Unveiled on January 13, 2026, this isn’t just another wish list-it’s a vetted, Byrd Rule-tested menu of nearly 70 policy options, with about 70 percent already introduced as bills or passed by the House. It builds directly on the success of the Working Families Tax Cuts Act, signed by President Trump on July 4, 2025, which delivered the largest tax cut in history, massive border security funding, and sweeping welfare reform.
The RSC framework centers on three core pillars of affordability-homeownership, health care, and energy-while integrating broader conservative priorities like rebuilding families, slashing wasteful spending, and permanently codifying President Trump’s deregulatory executive orders. These three focus areas form the heart of the proposed bill, designed to drive down costs where families feel it most, with the massive spending cuts providing the fiscal foundation.

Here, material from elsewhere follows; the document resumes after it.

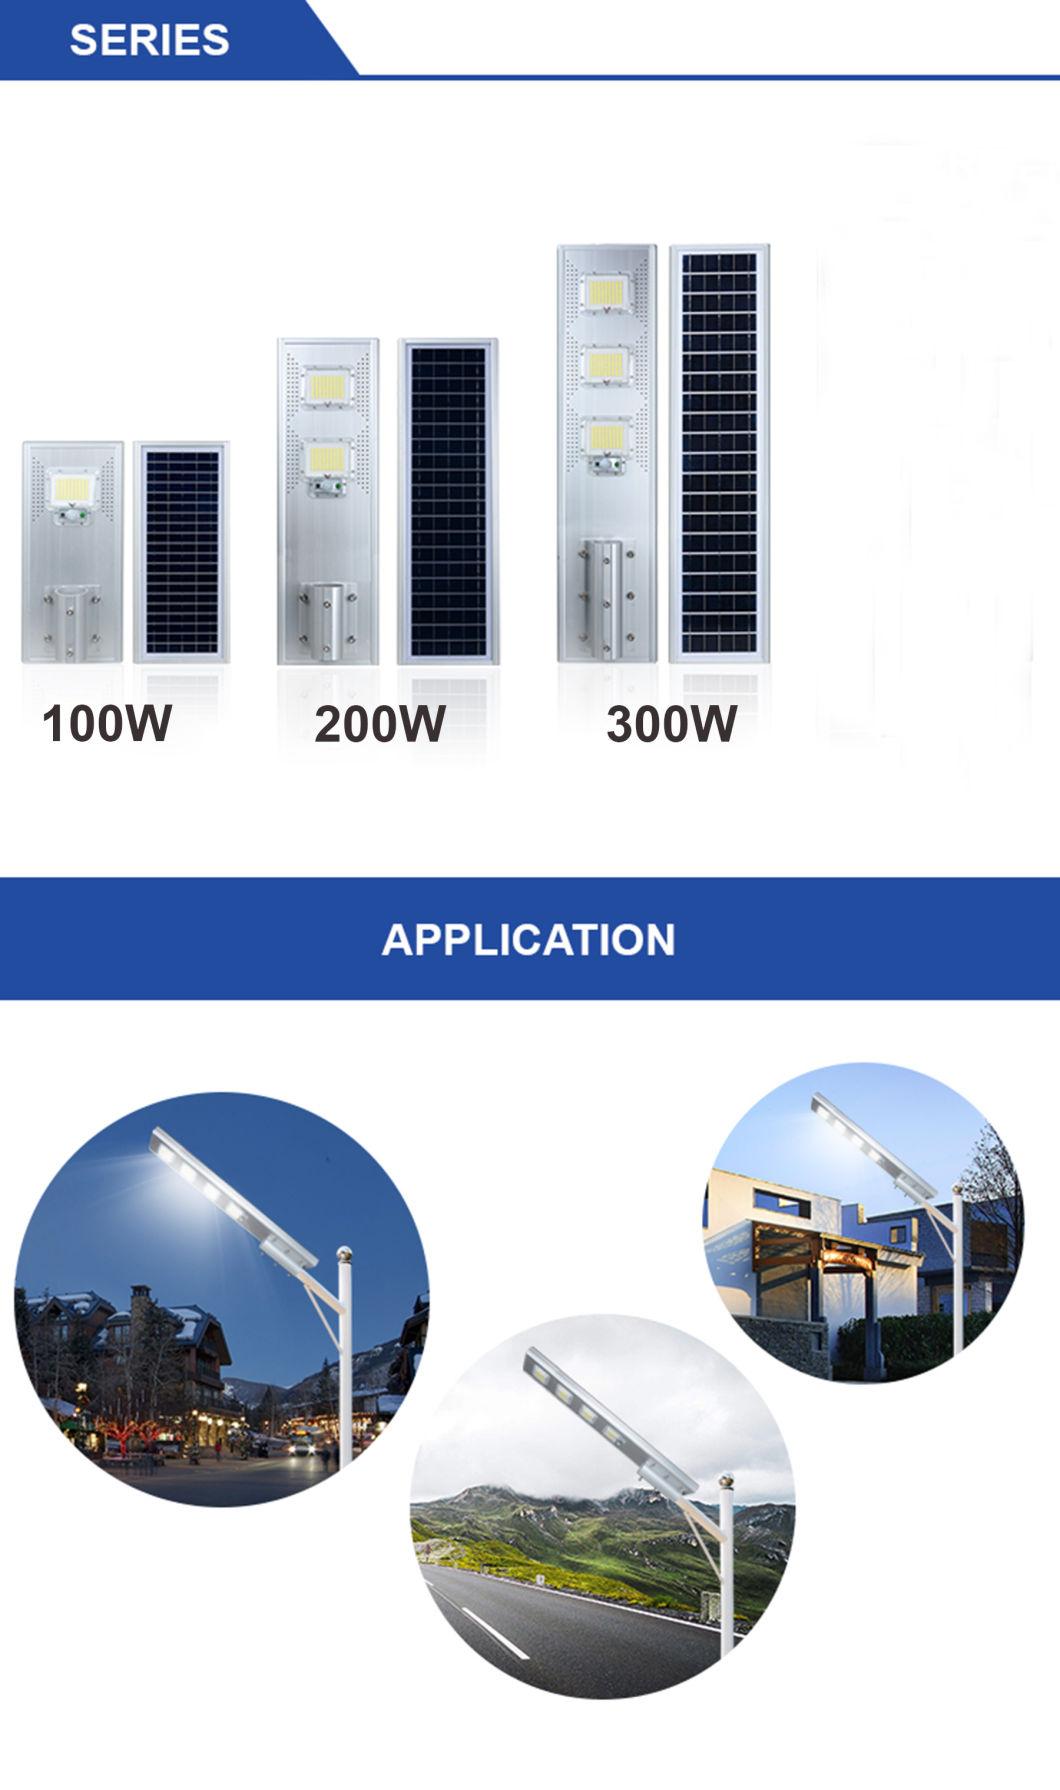 Factory Price Solar Panel Street Lighting Mono Crystalline 6V 35W 6500K All in One Solar Street Light

The Big Ticket: Slashing Over $1.6 Trillion in Wasteful Spending
The framework’s fiscal backbone is its commitment to eliminating over $1.6 trillion in “woke, wasteful, and weaponized” government expenditures that have driven up costs for working families. This delivers net deficit reduction of more than $1 trillion-proving conservatives can prioritize affordability without exploding the debt.
Major savings come from:
- Making non-citizen foreign nationals ineligible for Medicaid, SNAP, housing assistance, and other benefits ($231 billion reduction).

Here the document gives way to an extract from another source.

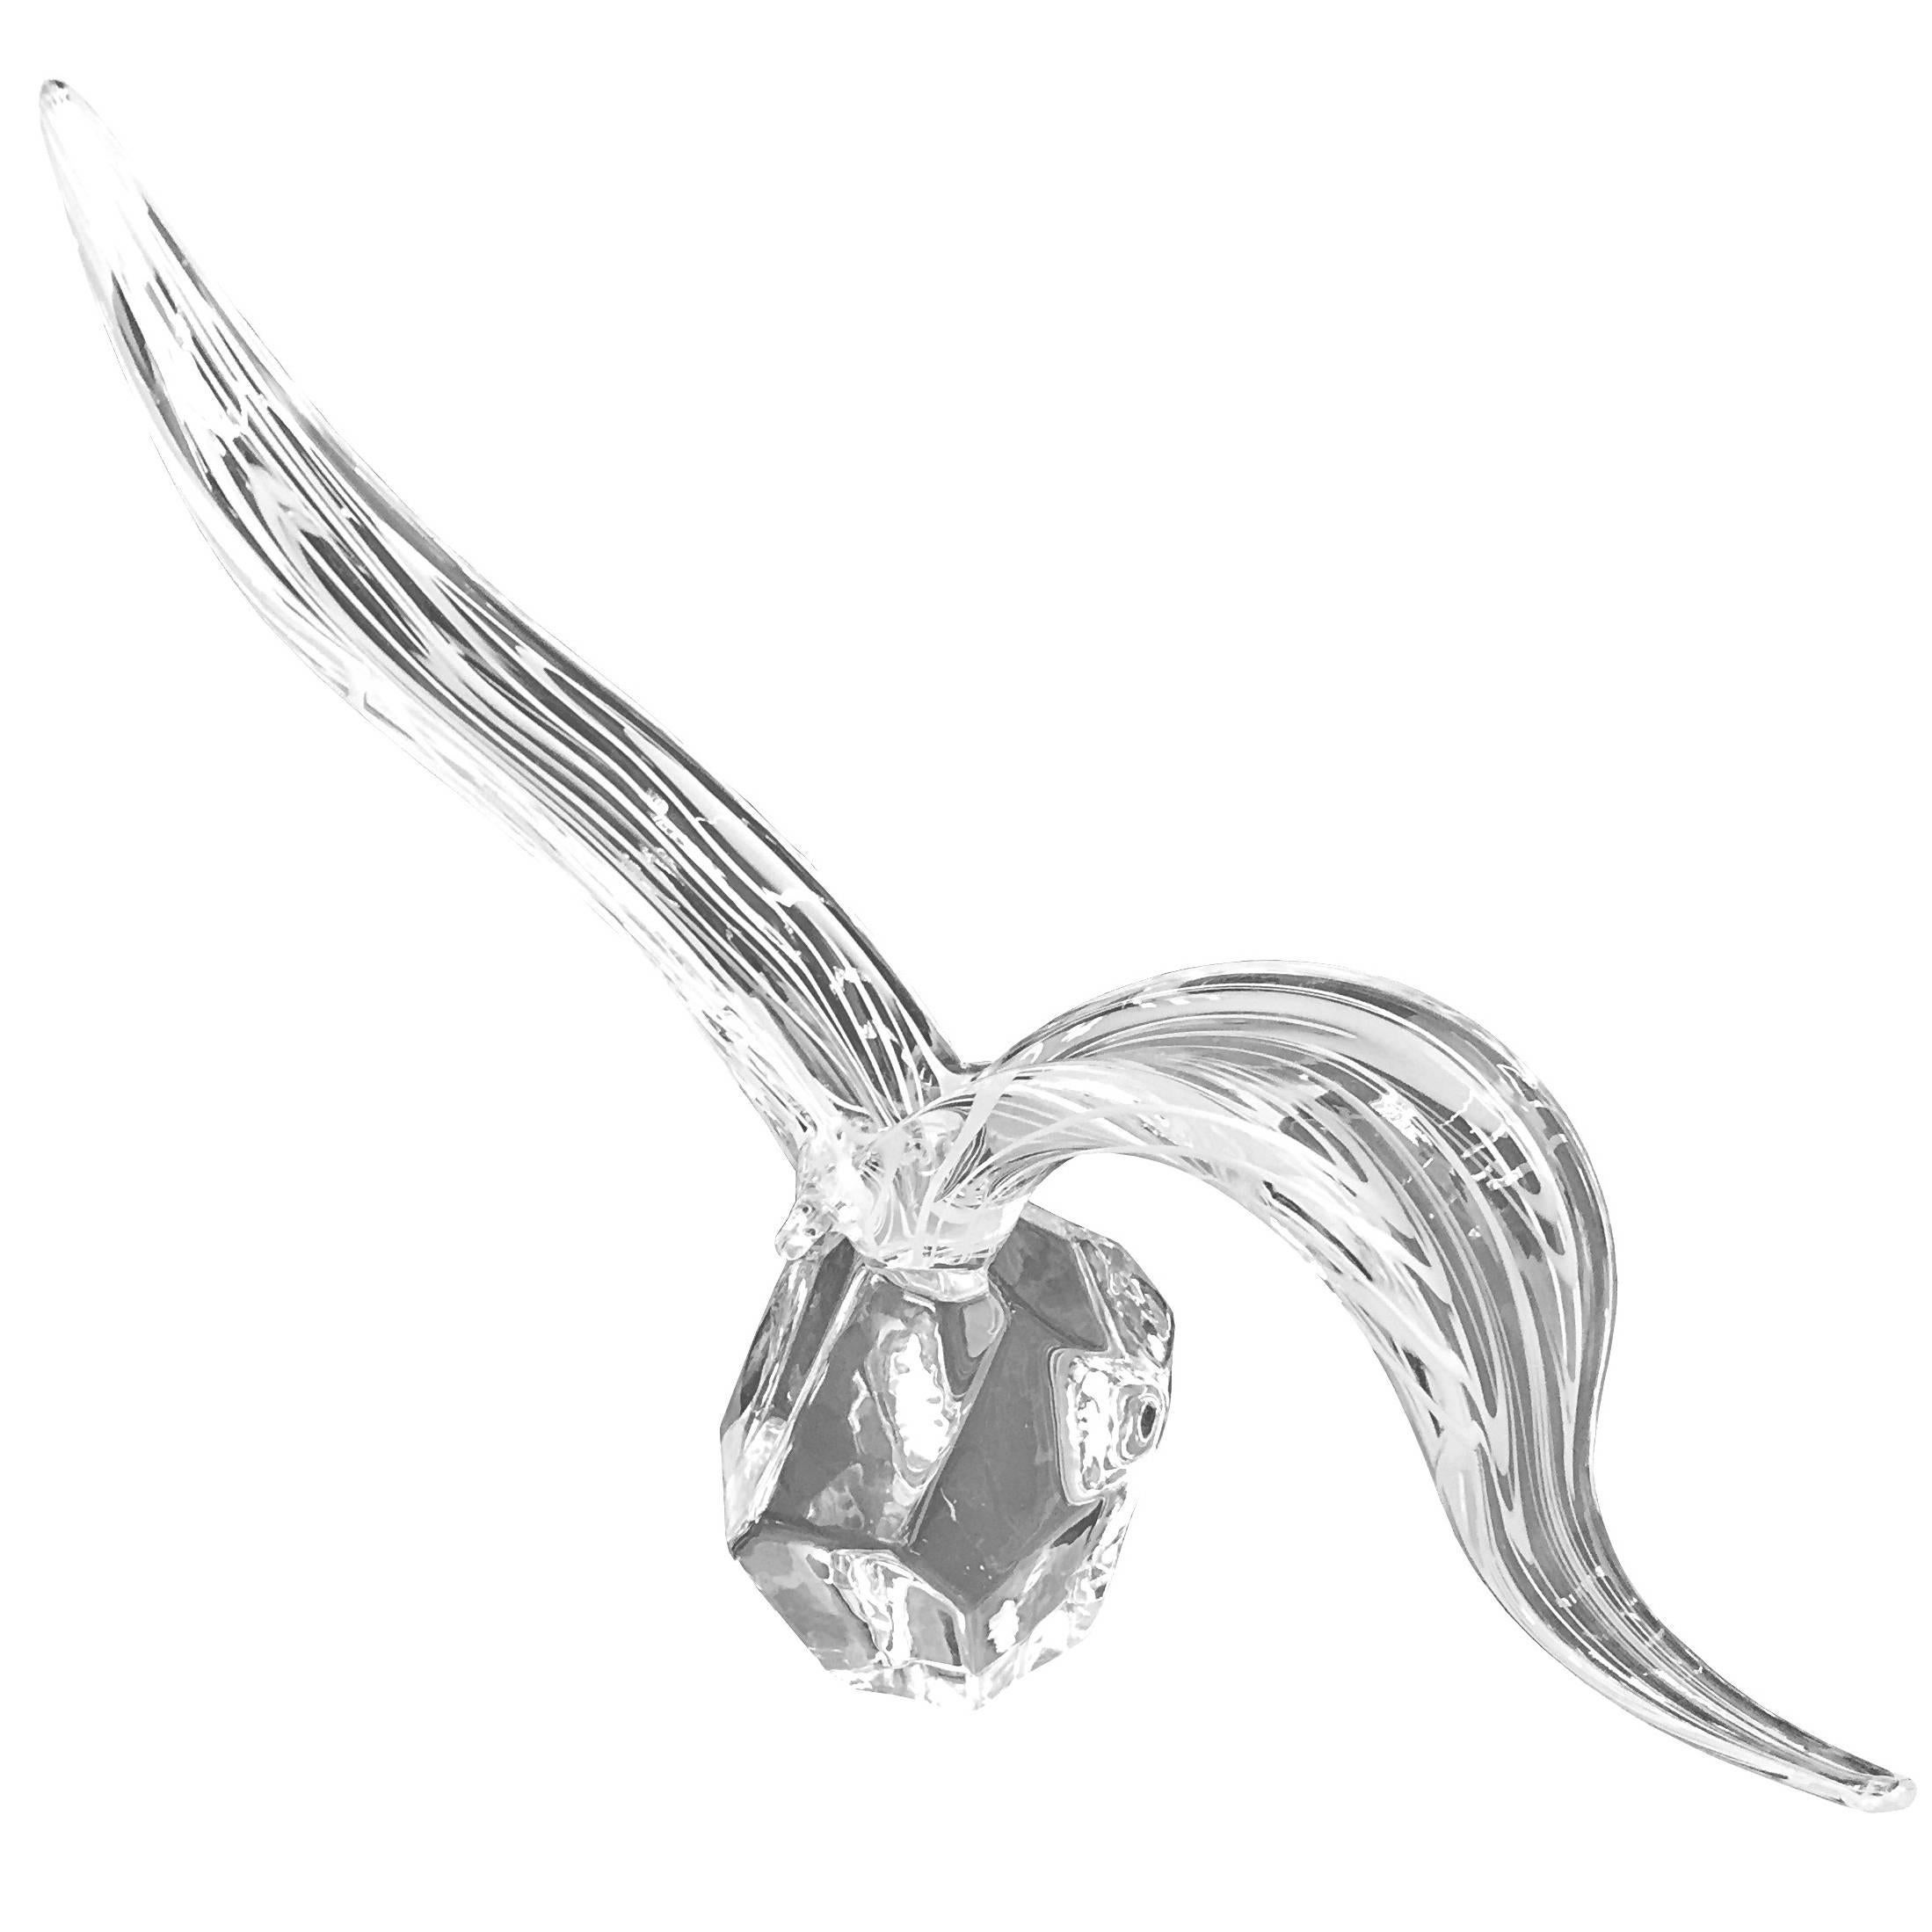 Vintage Murano Glass Sculpture by Licio Zanetti "Bird at Flight"

- Codifying the Public Charge Rule and imposing FMAP penalties on states that allow illegal aliens in Medicaid programs ($65 billion and additional billions).
- Site-neutral payment requirements in Medicaid ($172 billion).
- Restoring common-sense asset tests in SNAP to prevent millionaires from accessing benefits ($100 billion).
These reforms protect taxpayer dollars for American families, not foreign nationals or fraudulent programs. As the 40-day government shutdown in fall 2025 showed, Democrats won’t cooperate-so reconciliation is the only path forward.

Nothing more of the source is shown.